Begin your copy at the line holding "Grand Deluxe Room Bedroom & Living Area" and end it at the last line of the listing. Keep every line exact and leave out the pictures.

—————

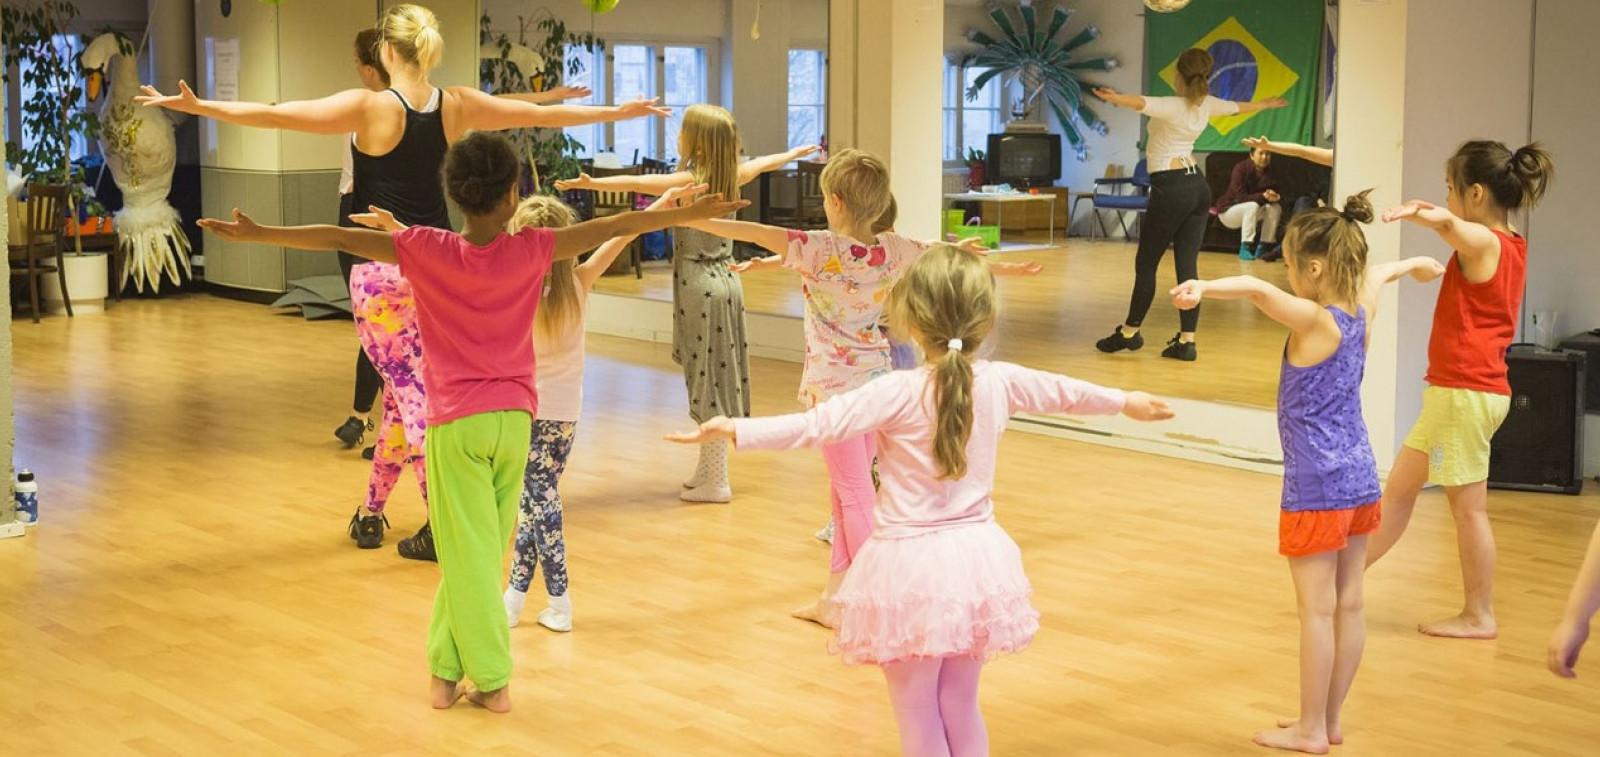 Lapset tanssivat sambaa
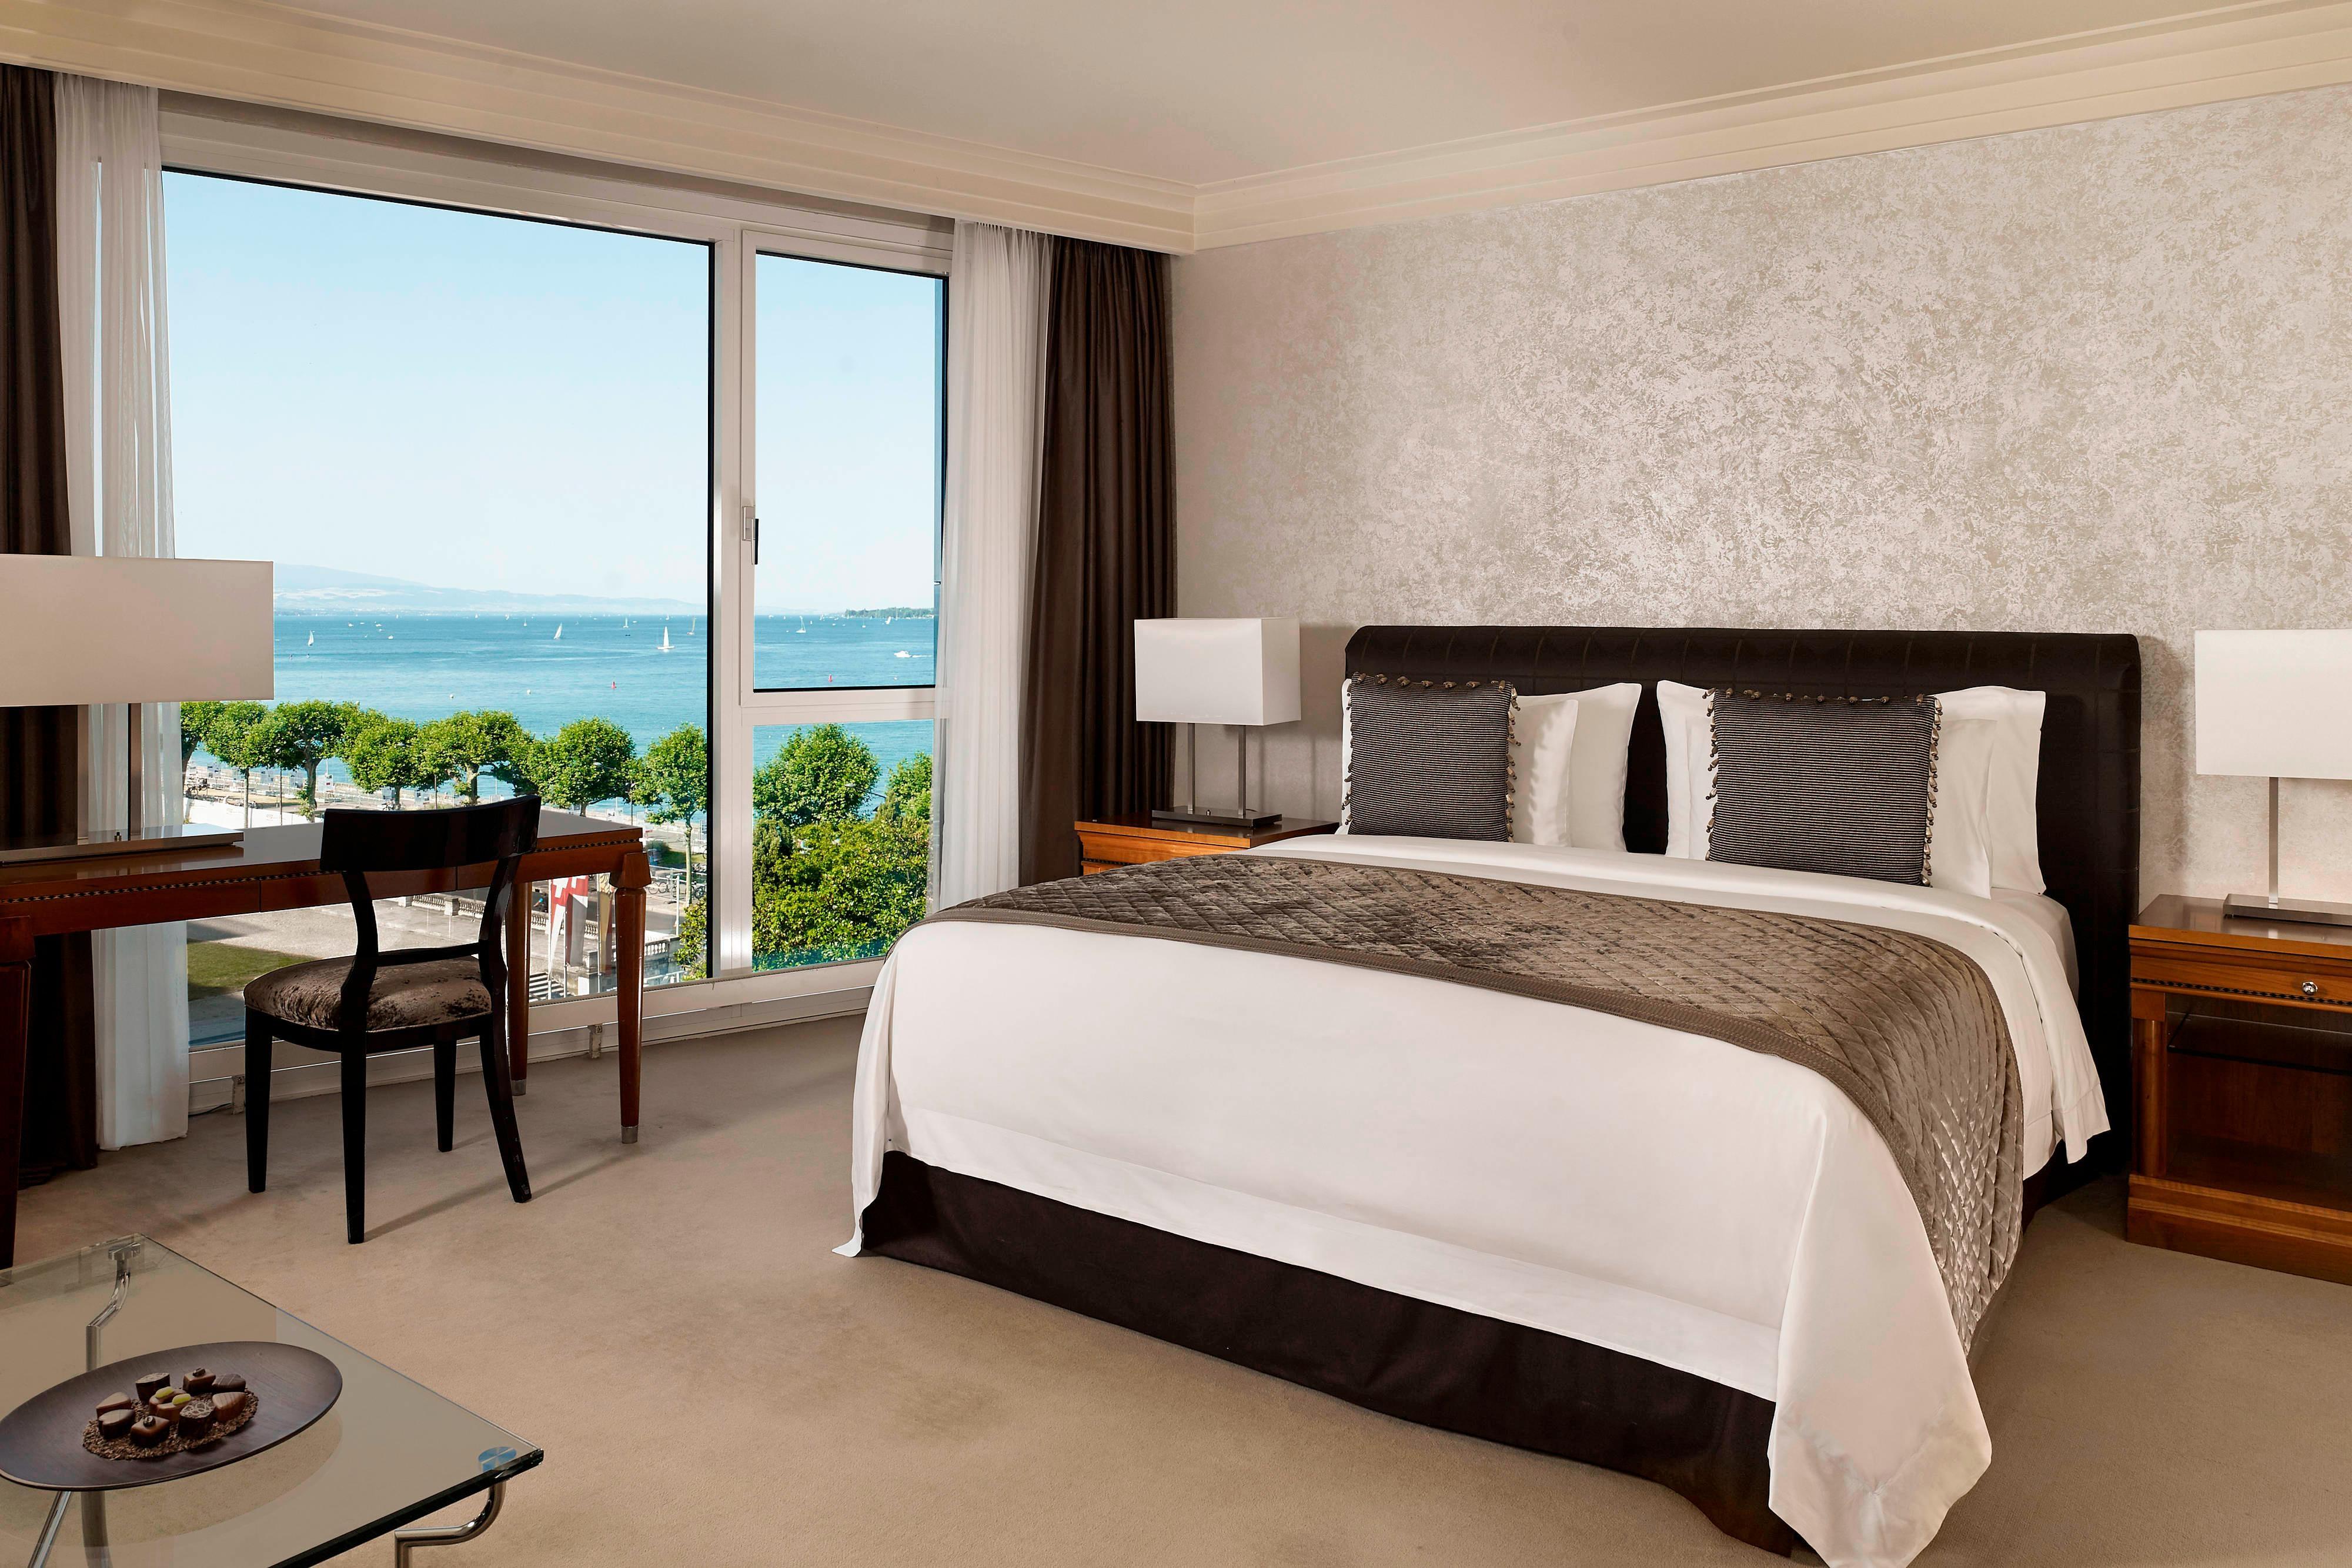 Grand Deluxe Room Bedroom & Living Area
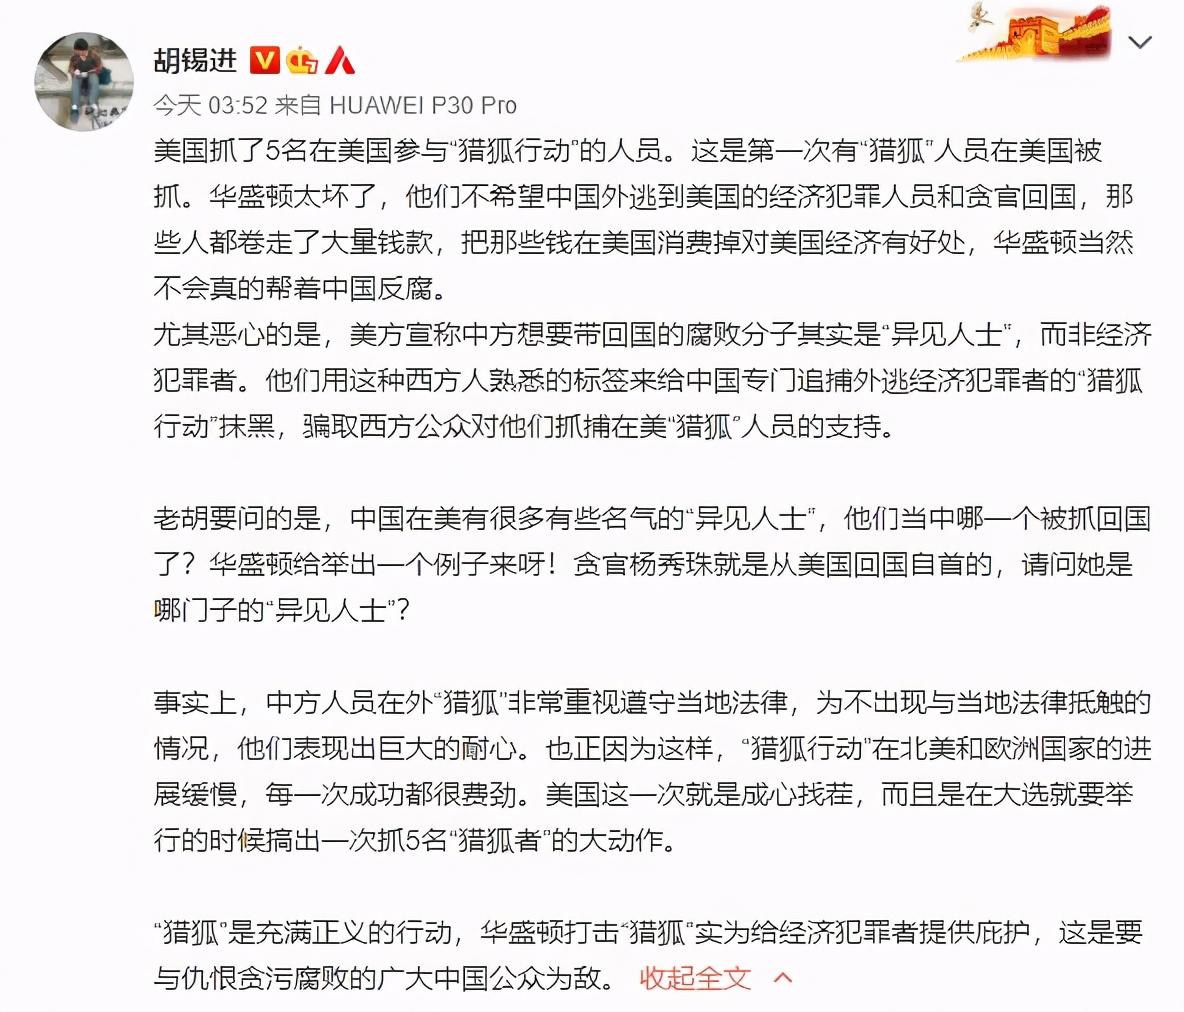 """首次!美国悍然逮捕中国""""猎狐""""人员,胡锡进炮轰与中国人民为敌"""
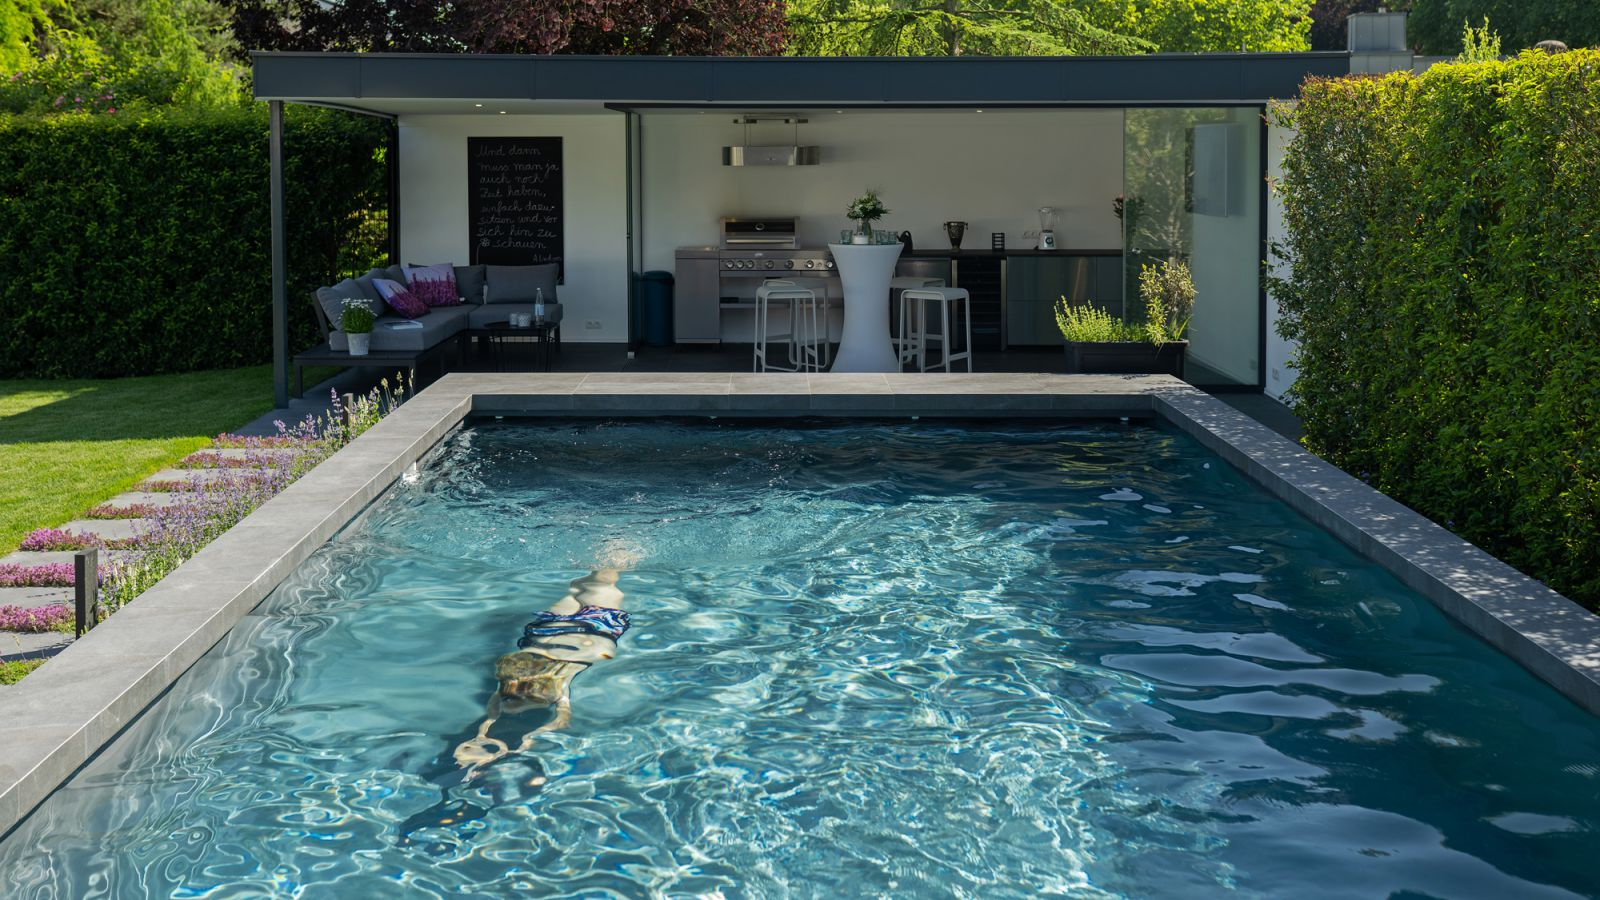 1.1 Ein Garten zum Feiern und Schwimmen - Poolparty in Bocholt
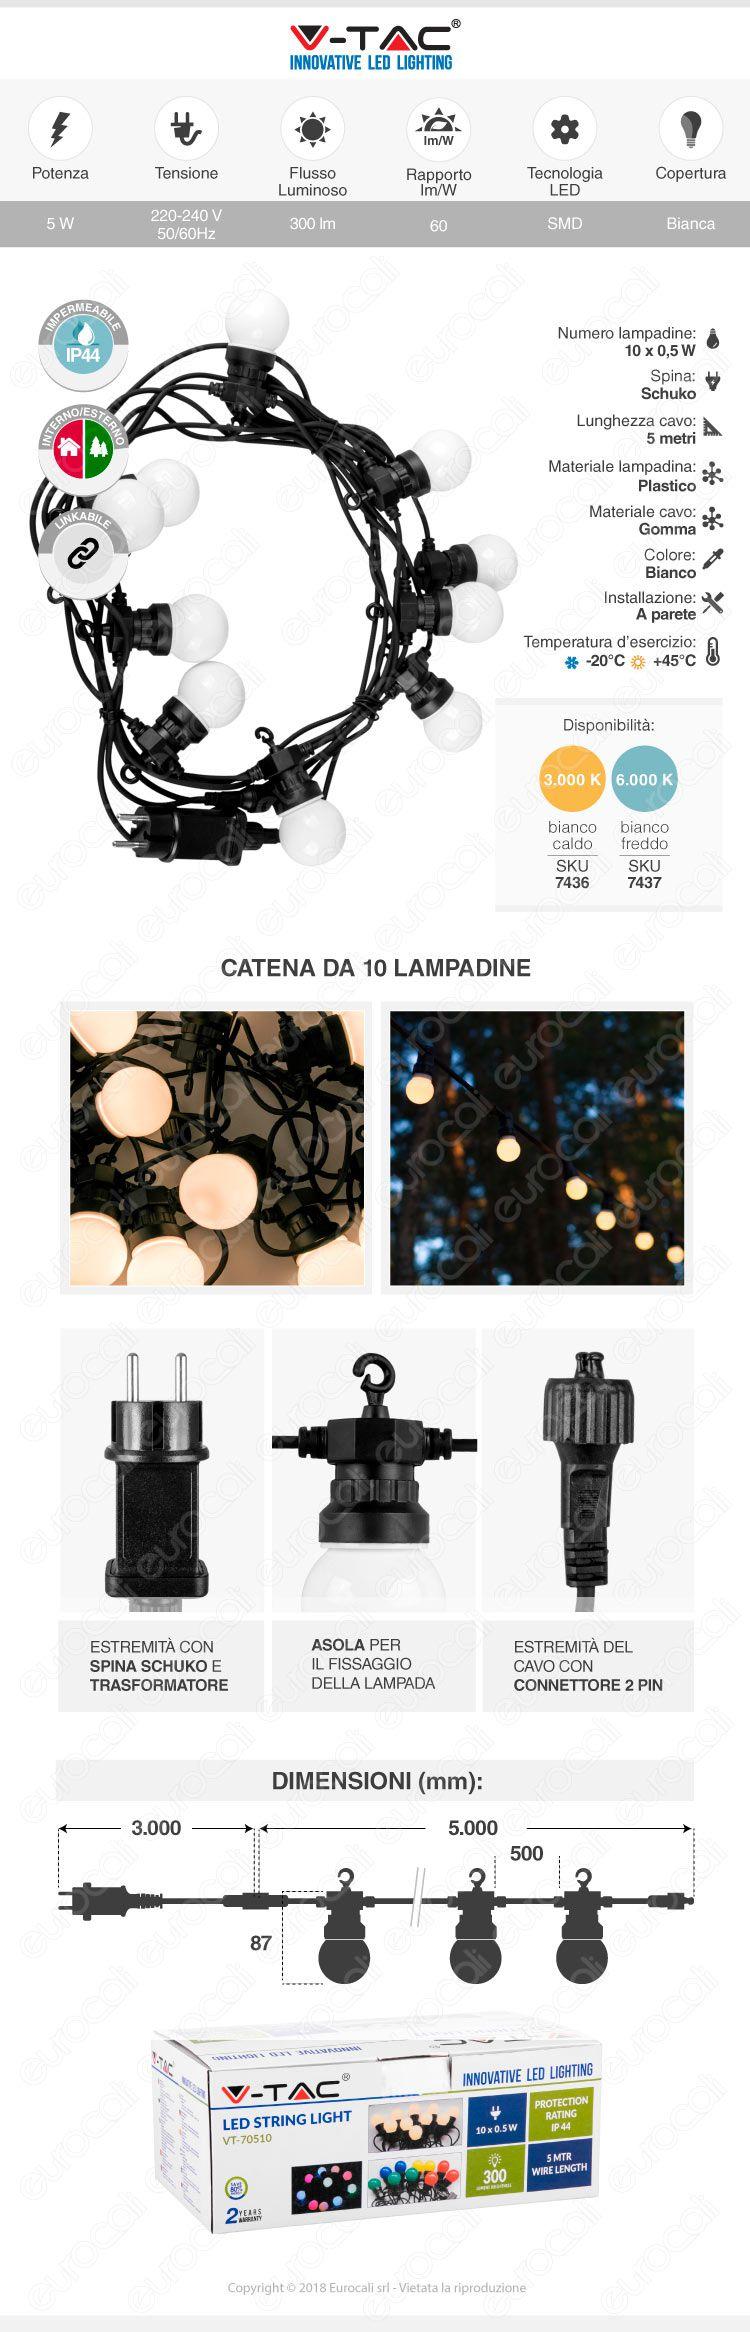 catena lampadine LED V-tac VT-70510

—————

TASK OUTPUT:
 Grand Deluxe Room Bedroom & Living Area
 """首次!美国悍然逮捕中国""""猎狐""""人员,胡锡进炮轰与中国人民为敌"""
 1.1 Ein Garten zum Feiern und Schwimmen - Poolparty in Bocholt
 catena lampadine LED V-tac VT-70510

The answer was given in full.